▸ **Records to process**:
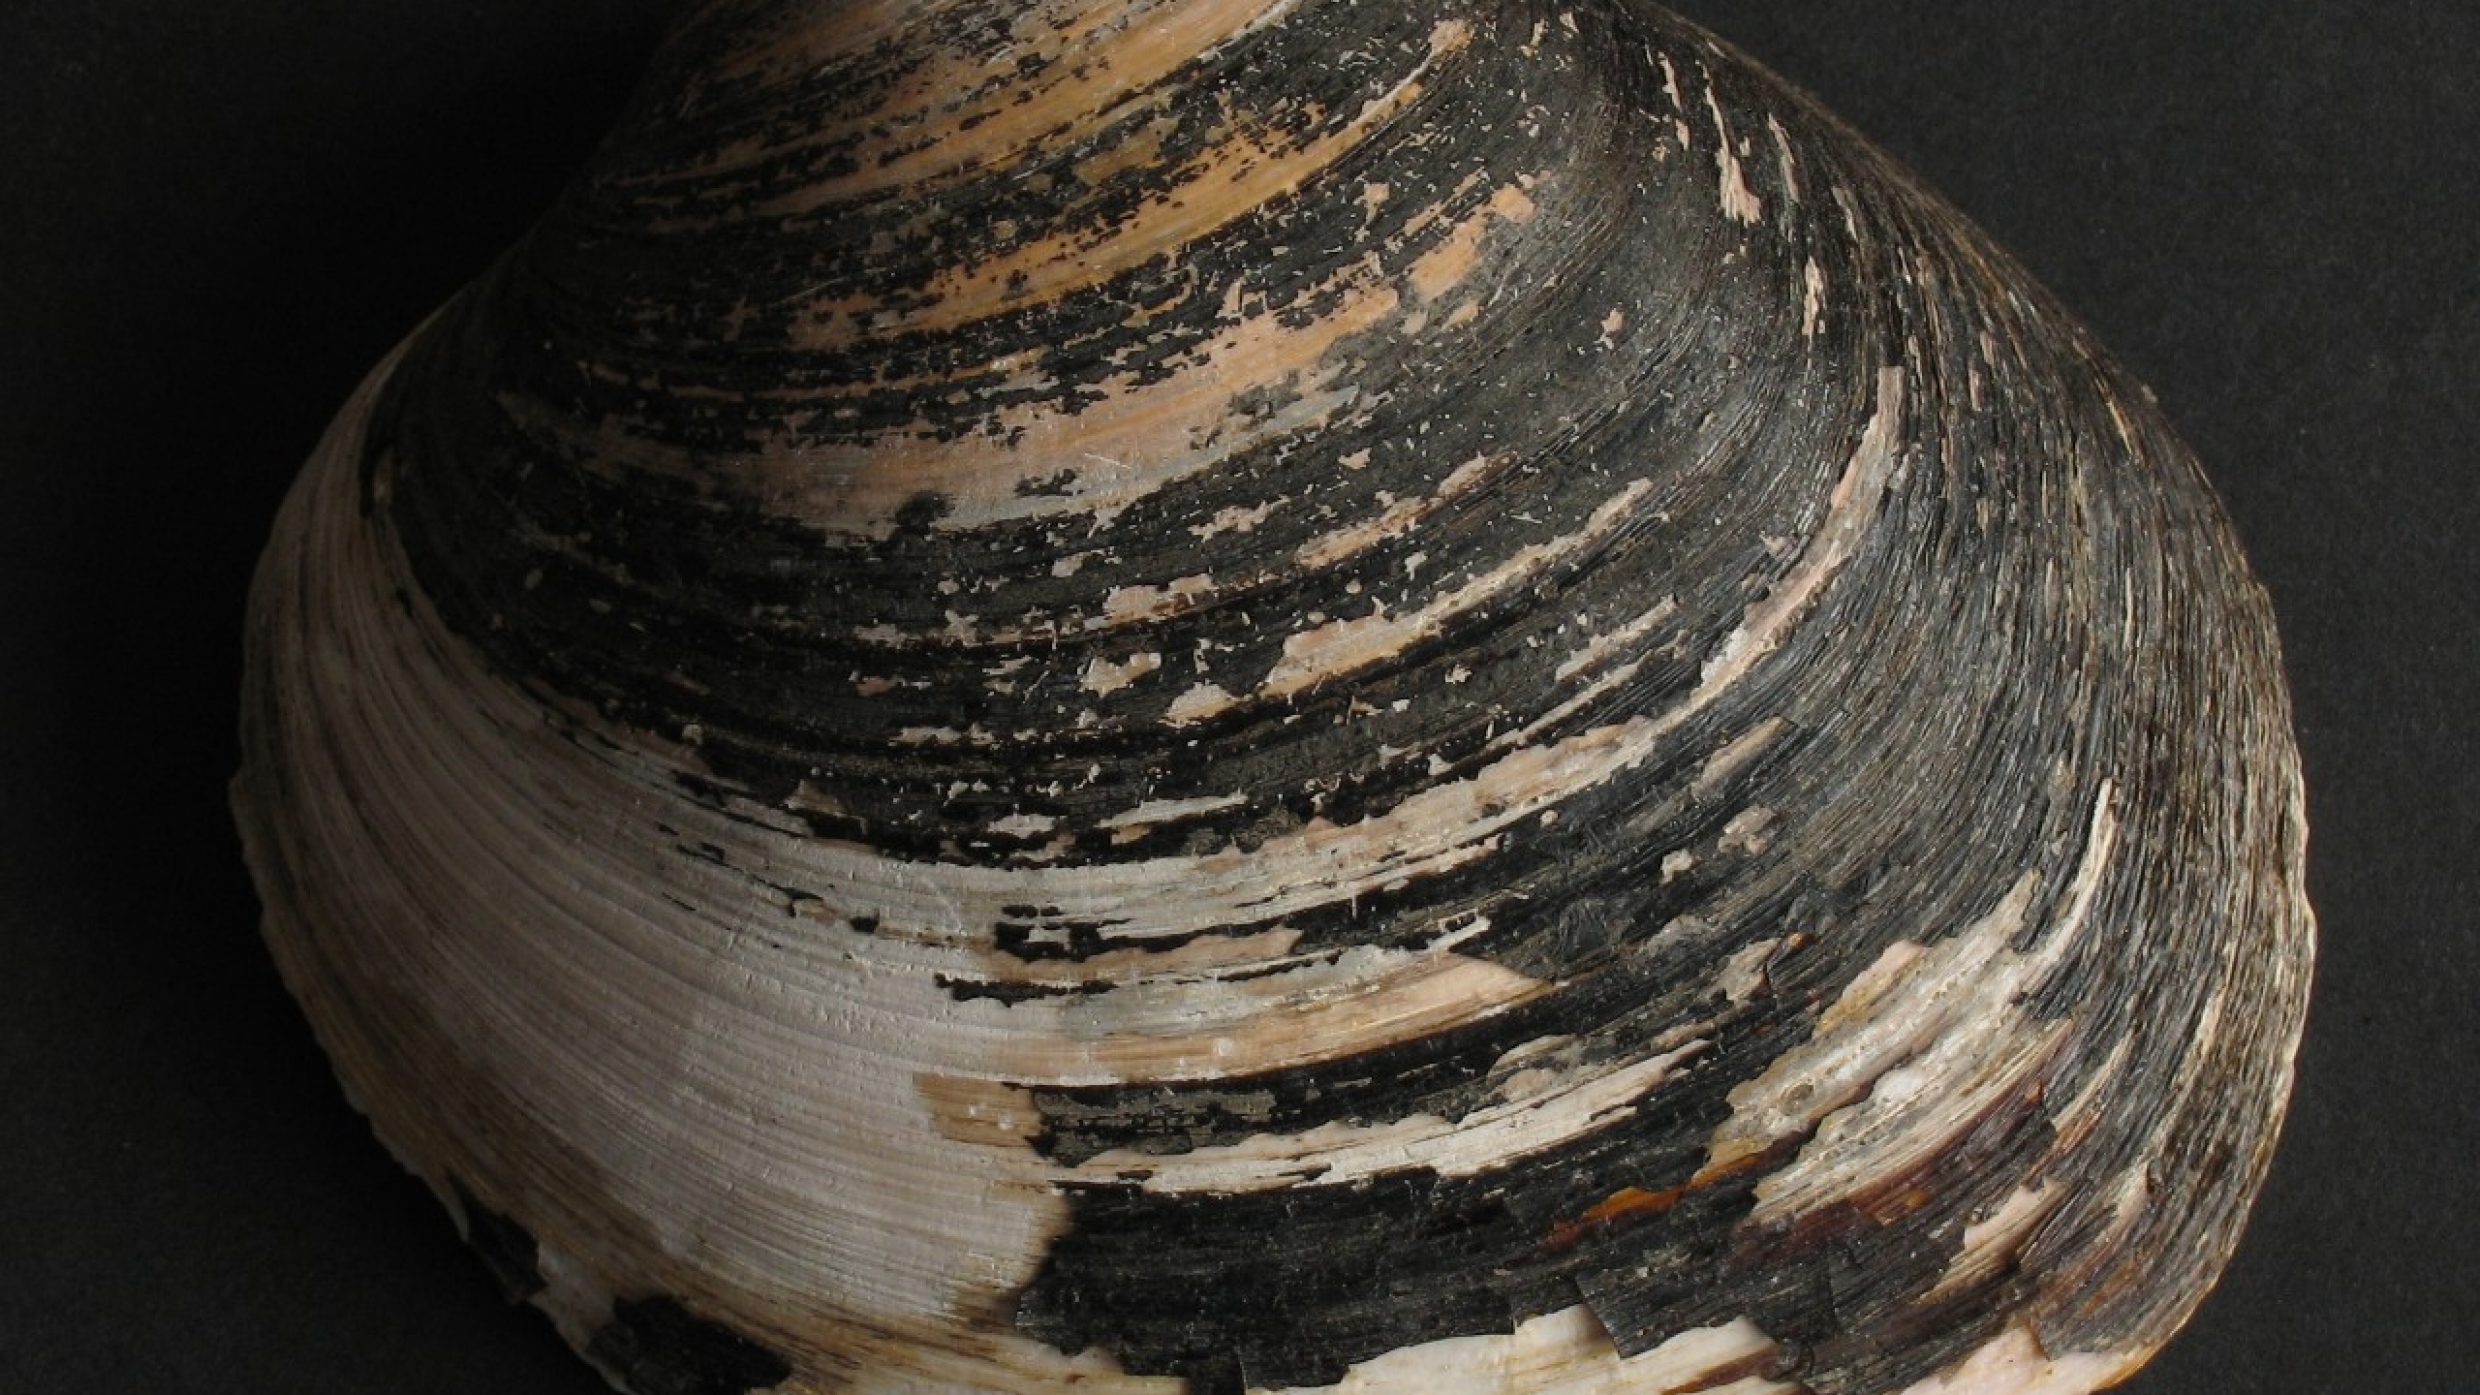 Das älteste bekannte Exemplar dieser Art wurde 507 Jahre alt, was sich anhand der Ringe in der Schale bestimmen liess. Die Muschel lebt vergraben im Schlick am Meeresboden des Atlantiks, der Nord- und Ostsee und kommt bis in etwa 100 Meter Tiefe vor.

--

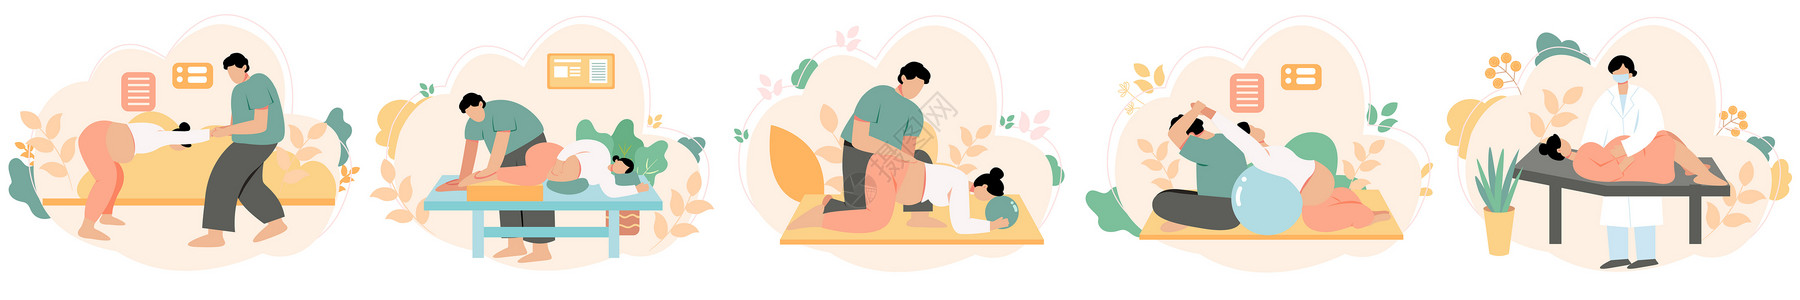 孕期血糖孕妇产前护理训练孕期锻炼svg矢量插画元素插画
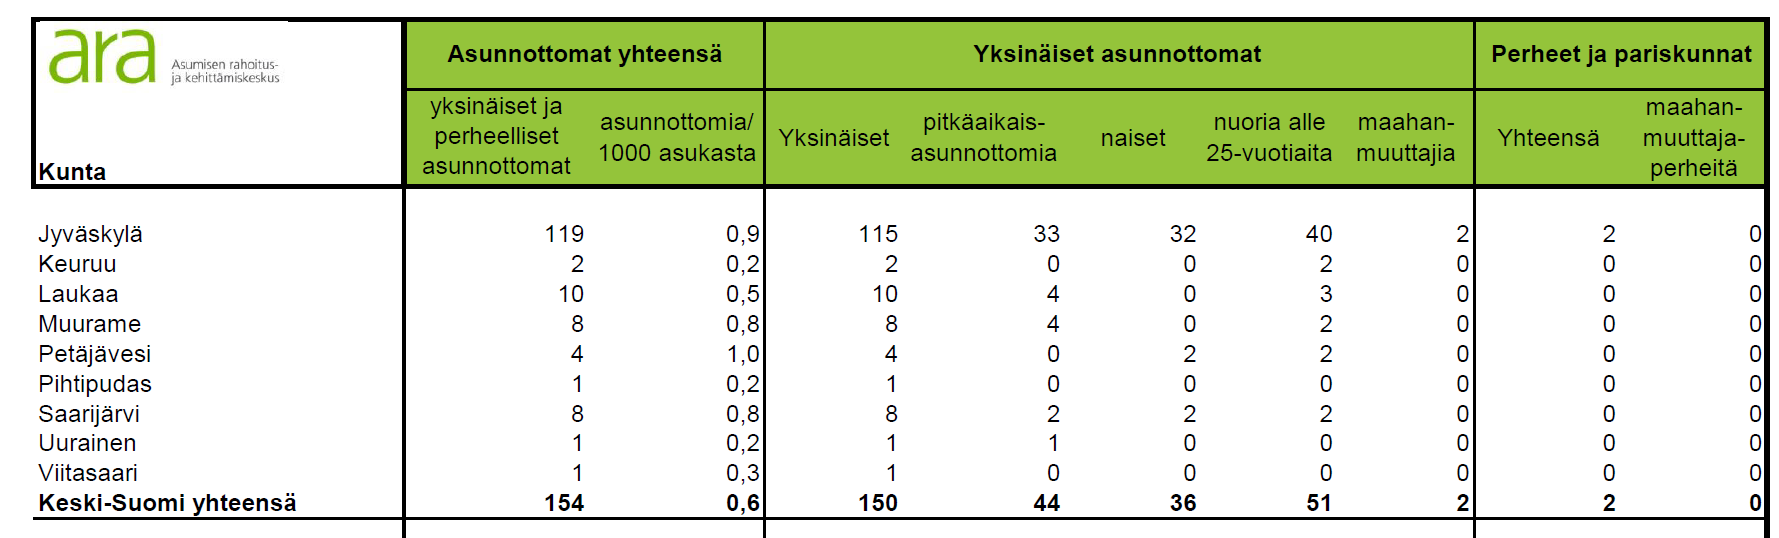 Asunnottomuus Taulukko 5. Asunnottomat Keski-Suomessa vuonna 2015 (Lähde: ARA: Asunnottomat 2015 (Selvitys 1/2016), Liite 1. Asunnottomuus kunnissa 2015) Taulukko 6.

▸ **Task requirements**:
Working from the entries above, reproduce exactly and only the lines beginning with the line that has "孕期血糖孕妇产前护理训练孕期锻炼svg矢量插画元素插画" and ending with the line that has "Asunnottomuus Taulukko 5."; omit all pictures.

▸ **Output of the task**:
 孕期血糖孕妇产前护理训练孕期锻炼svg矢量插画元素插画
 Asunnottomuus Taulukko 5. Asunnottomat Keski-Suomessa vuonna 2015 (Lähde: ARA: Asunnottomat 2015 (Selvitys 1/2016), Liite 1. Asunnottomuus kunnissa 2015) Taulukko 6.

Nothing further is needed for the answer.